** Opening Recorded data block **

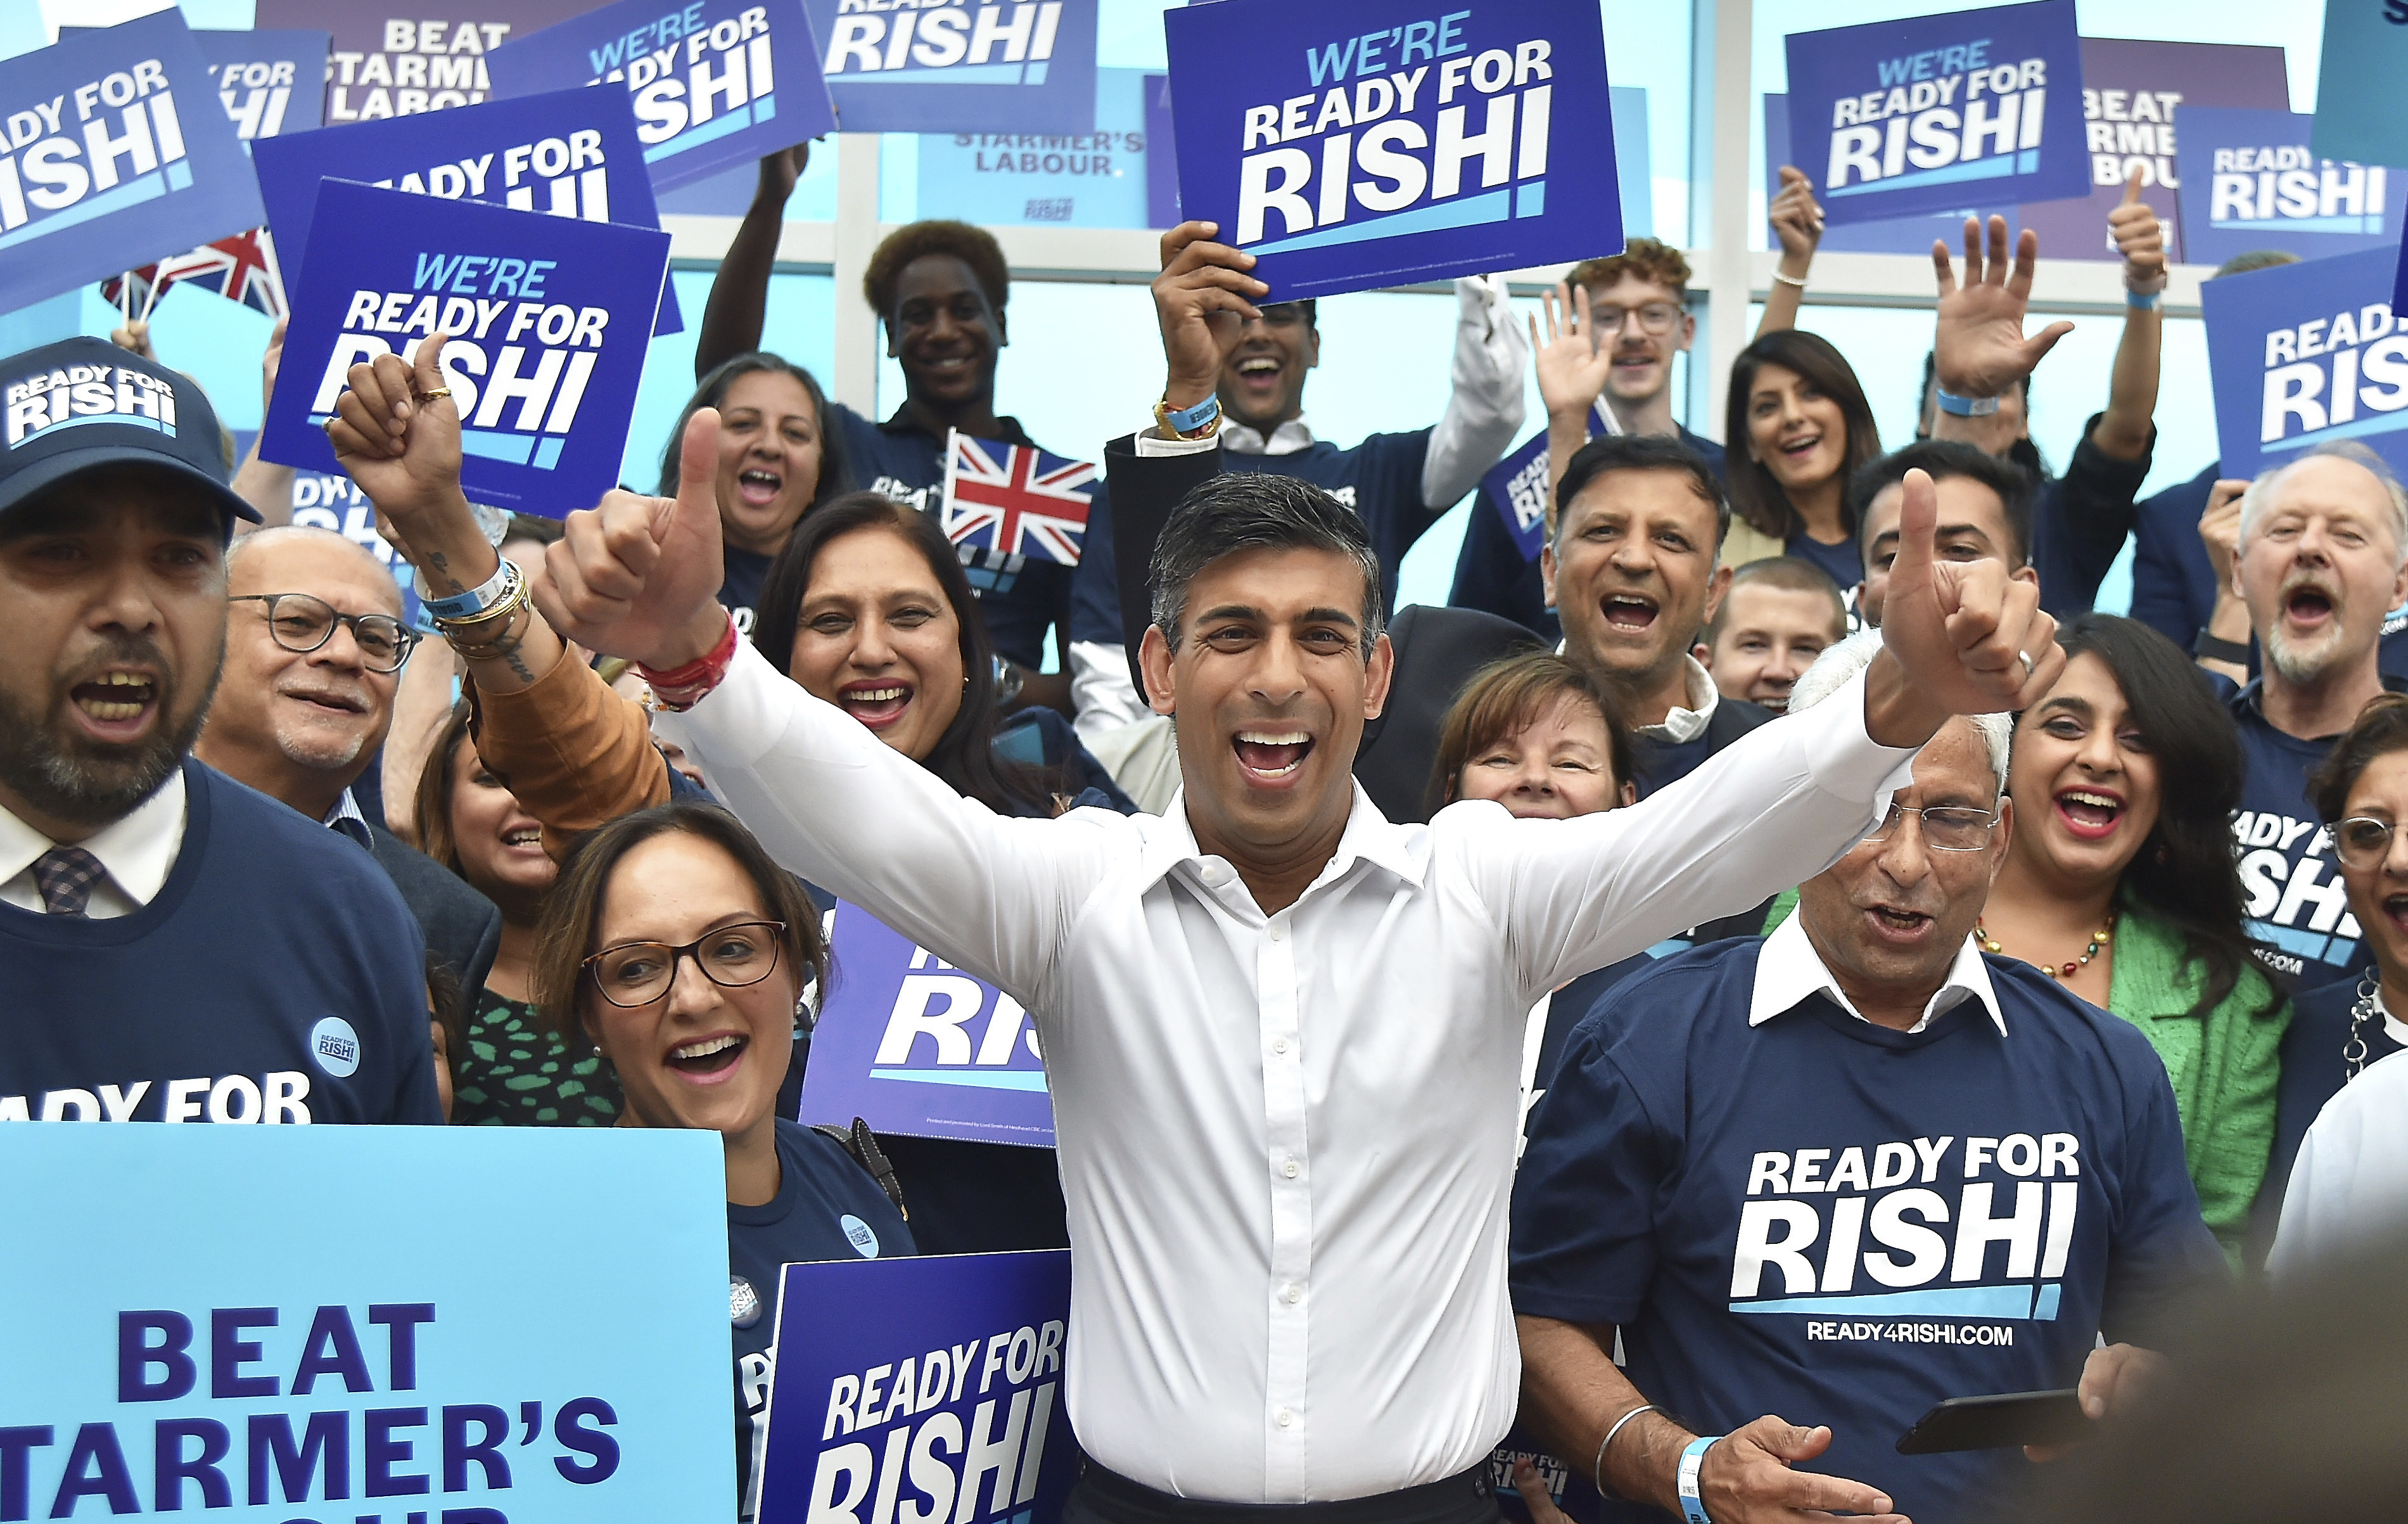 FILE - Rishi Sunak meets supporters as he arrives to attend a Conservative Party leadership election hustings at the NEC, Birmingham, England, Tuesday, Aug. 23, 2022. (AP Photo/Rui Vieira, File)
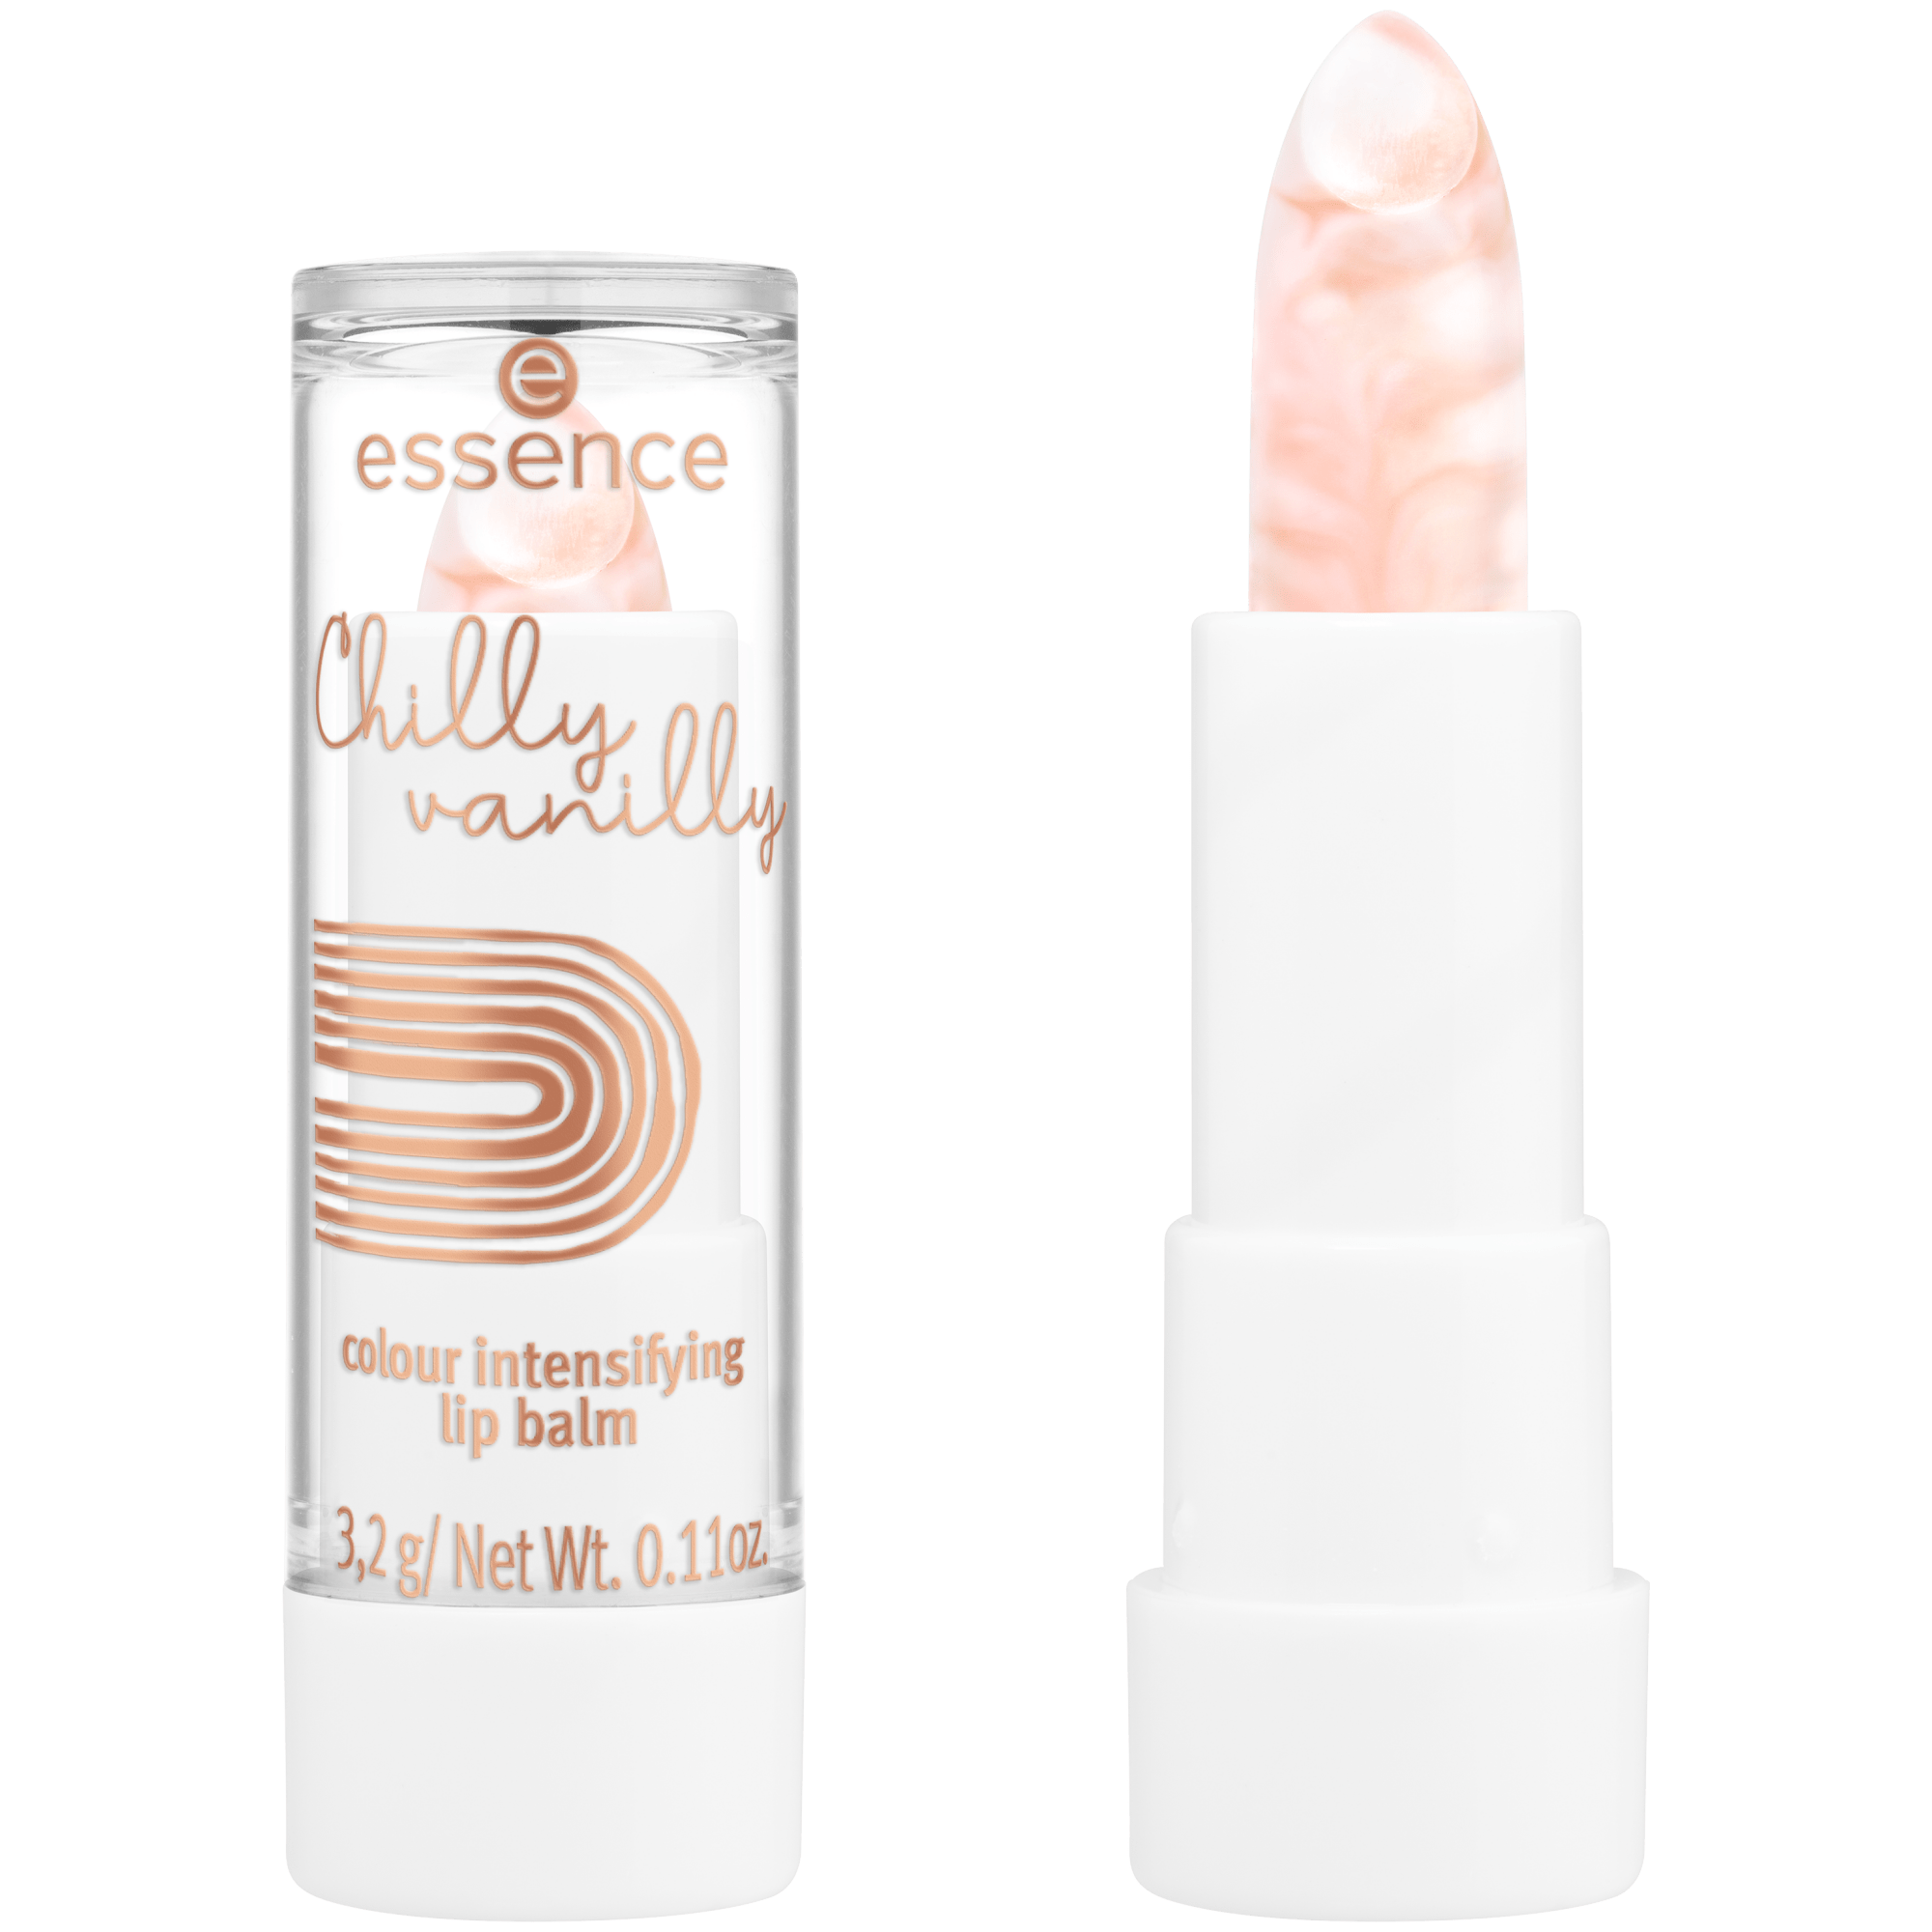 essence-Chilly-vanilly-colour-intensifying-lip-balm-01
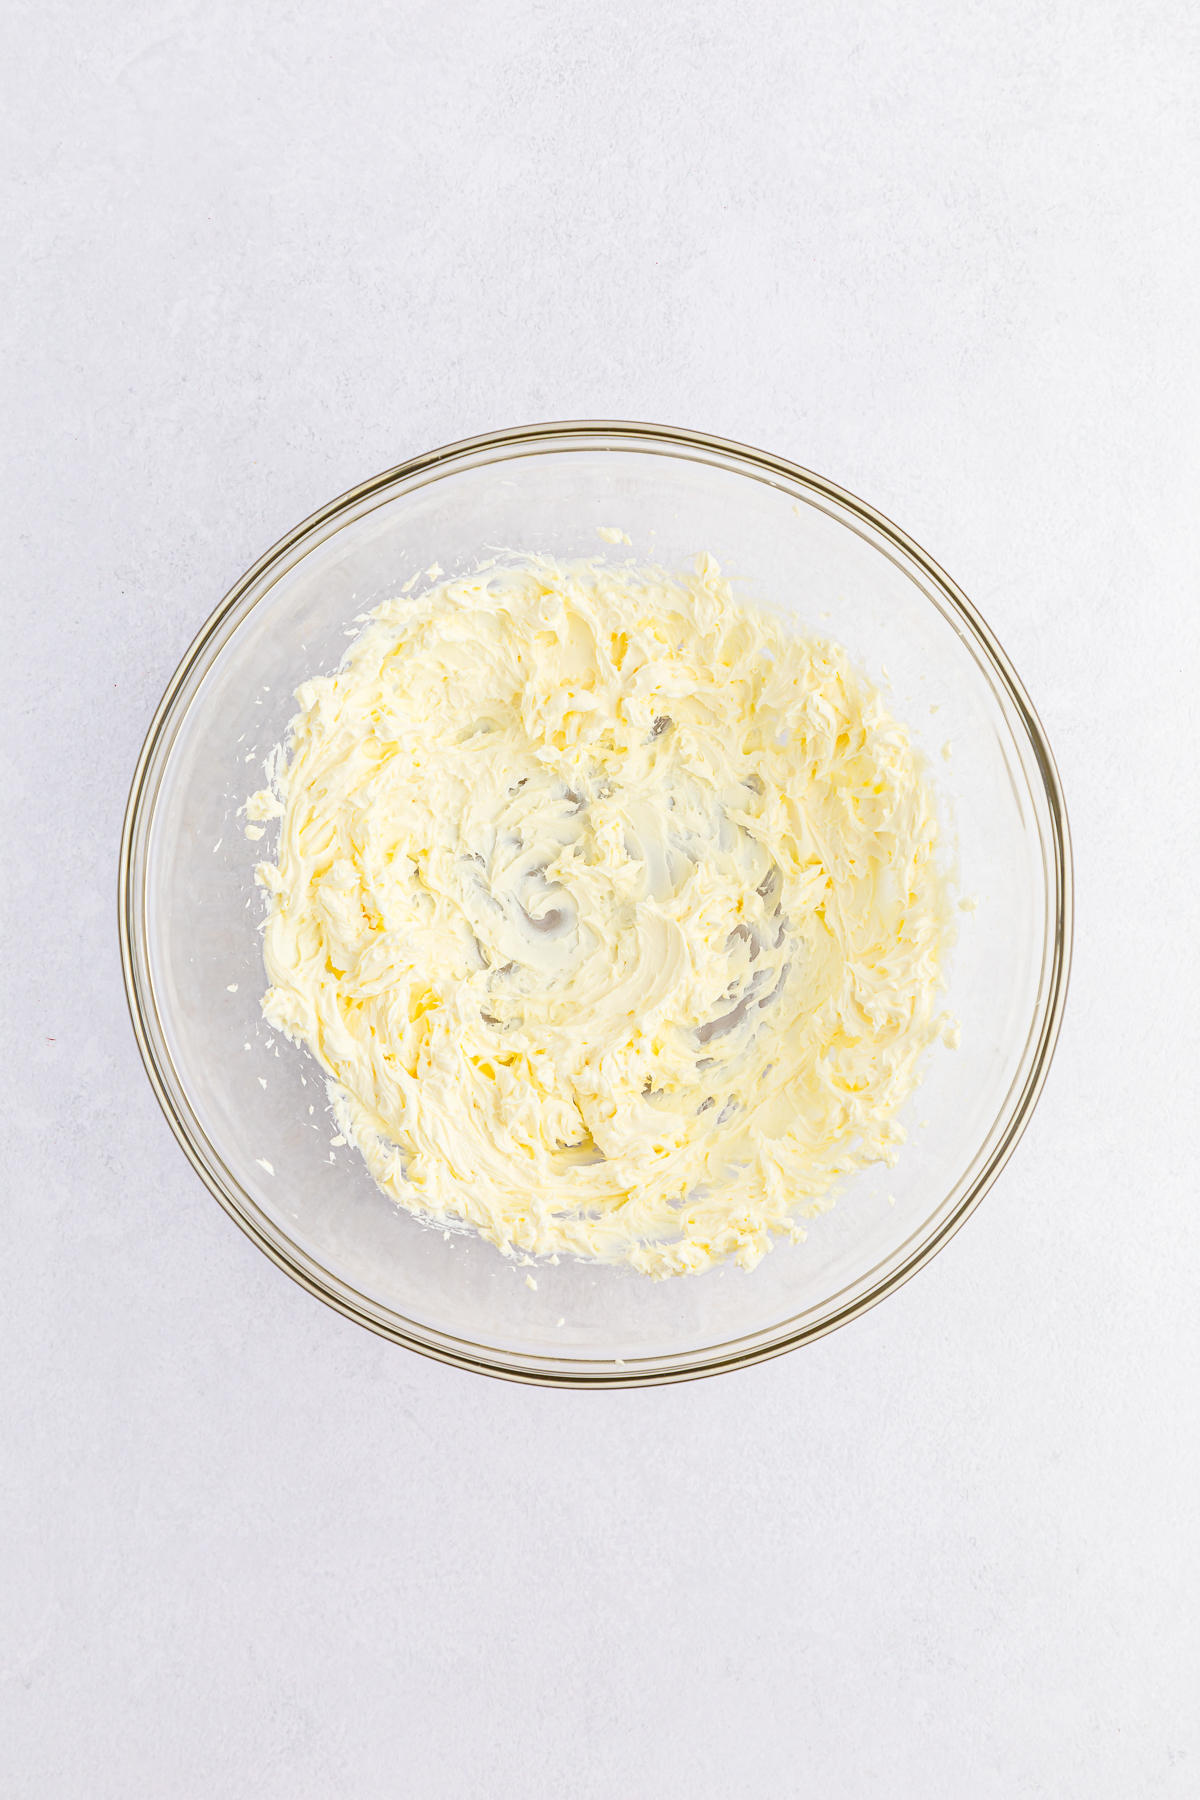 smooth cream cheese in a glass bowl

** Closing Recorded data block **

- **Task prompt**: Here the job is to print the data above exactly, except for any pictures.

- **Completed exercise**:
 FILE - Rishi Sunak meets supporters as he arrives to attend a Conservative Party leadership election hustings at the NEC, Birmingham, England, Tuesday, Aug. 23, 2022. (AP Photo/Rui Vieira, File)
 essence-Chilly-vanilly-colour-intensifying-lip-balm-01
 smooth cream cheese in a glass bowl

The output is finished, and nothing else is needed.